Synopsis: Our Renaissance of rudeness, secretly rude positive?; rudeness by intensity and variety; important or not, research into rudeness; rudeness against health and love; translation issues; a big Buddhist helper; and how it all effects your love life are all delved into here.


Note: This is the sixth in our series on a New Testament reply to the question What Is Love? (see “Love Is Patient”,  “Love Is Kind”,  “Love Is Not Jealous”,  “Love Is Not Boastful/Pretentious”, and  “Love Is Not Arrogant” ) Look for number seven in this series next month.

Our Renaissance of Rudeness And Your Love Life

Social analysts describe us as currently living in a spreading Renaissance of Rudeness slowly invading the personal lives of more and more people, especially those living in the urban centers of the world.  Some theorize it is a counter to previous formality, phony politeness and political correctness trends.  There is also a suspected tendency for more and more people to act emotionally hypersensitive as a way for acquiring a sense of permission to rudely guilt trip blaming others for their own bad feelings.

Other analysts point to data indicating low self-confidence and weak ego strength problems which seem to be growing at epidemic rates.  With that rudeness, also growing is an easy way to pretend to have social strength.  Others believe the Rudeness Renaissance is just a passing fad, destructive though it may be.

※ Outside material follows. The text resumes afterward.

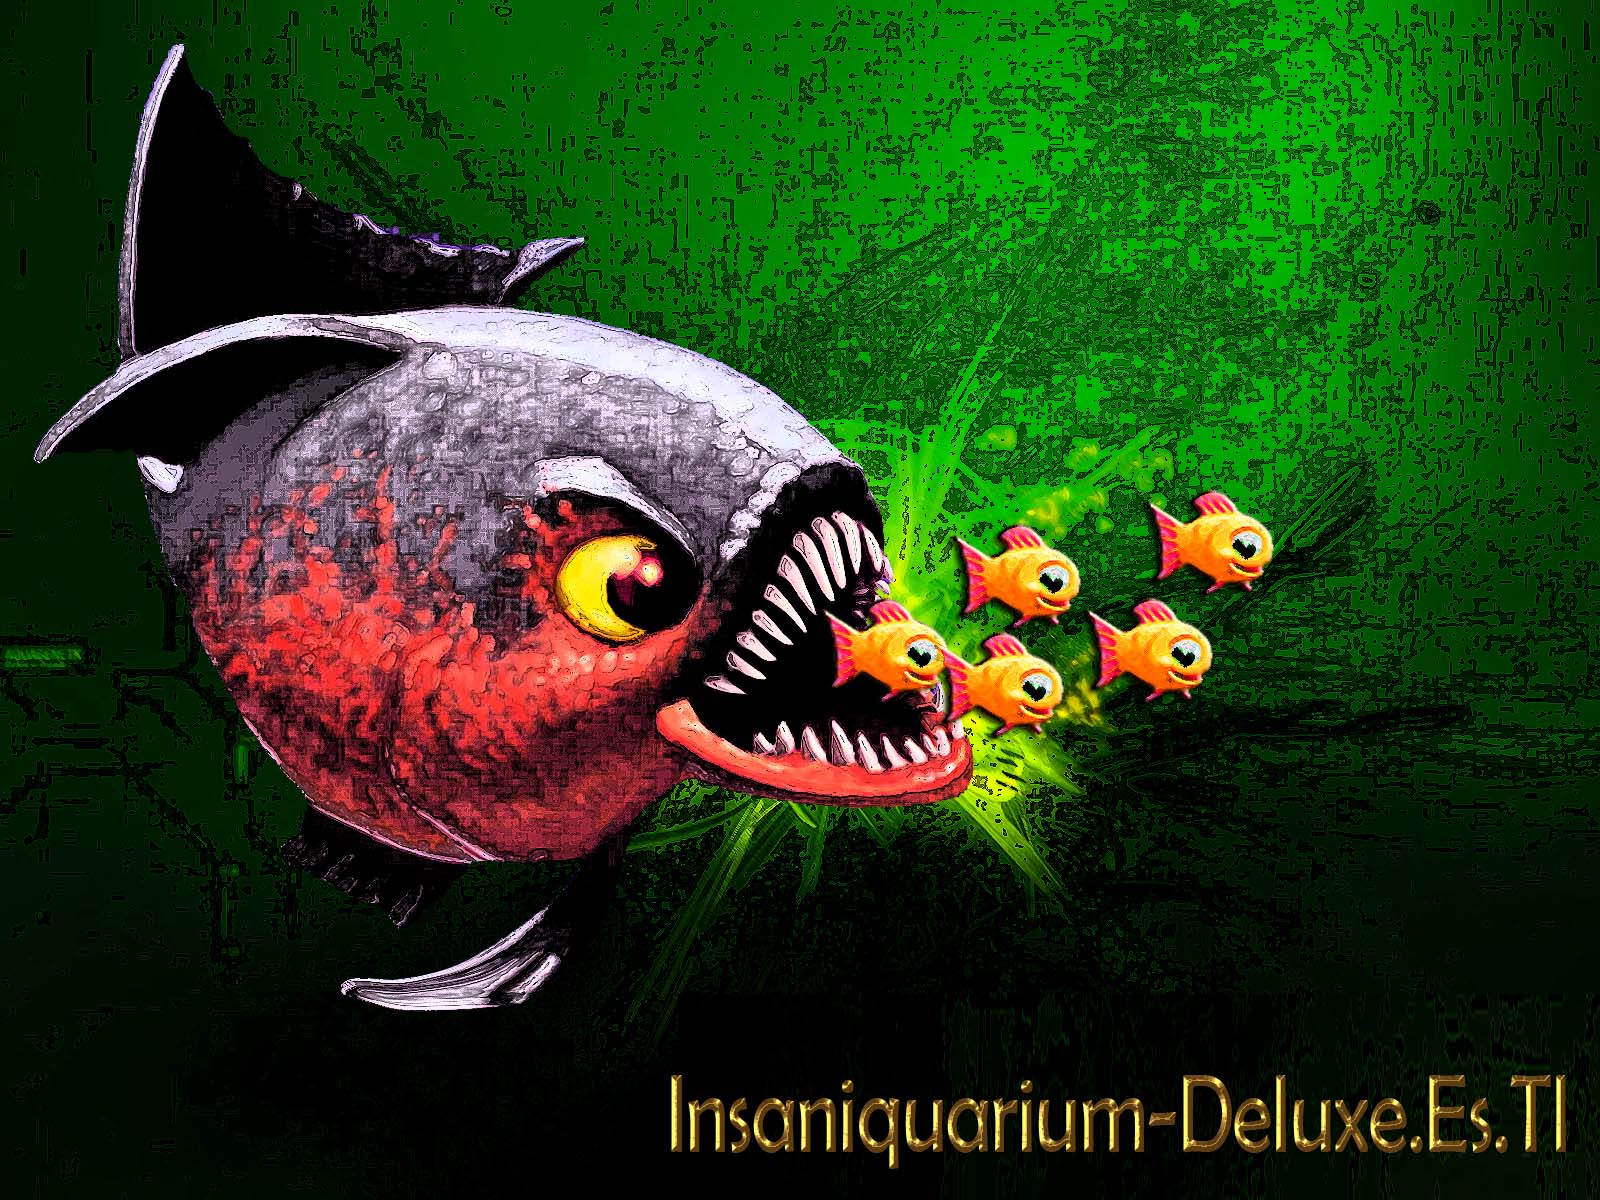 insaniquarium deluxe free download full version no-trial

Whatever the reason, the research shows rudeness to be destructive to love and love relationships, detrimental to stress resistance and stress illness recovery, harmful to cooperative functioning at home and at work, to creative problem solving, and to the neurochemistry of happiness.  All this proves true for not only the participants but for onlookers and bystanders of rudeness events..  Children especially are suspected of being particularly susceptible.  It would seem the love relationships of everyone who experiences or perpetrates moderate to severe actions of rudeness suffers more than they gain, if they gain anything.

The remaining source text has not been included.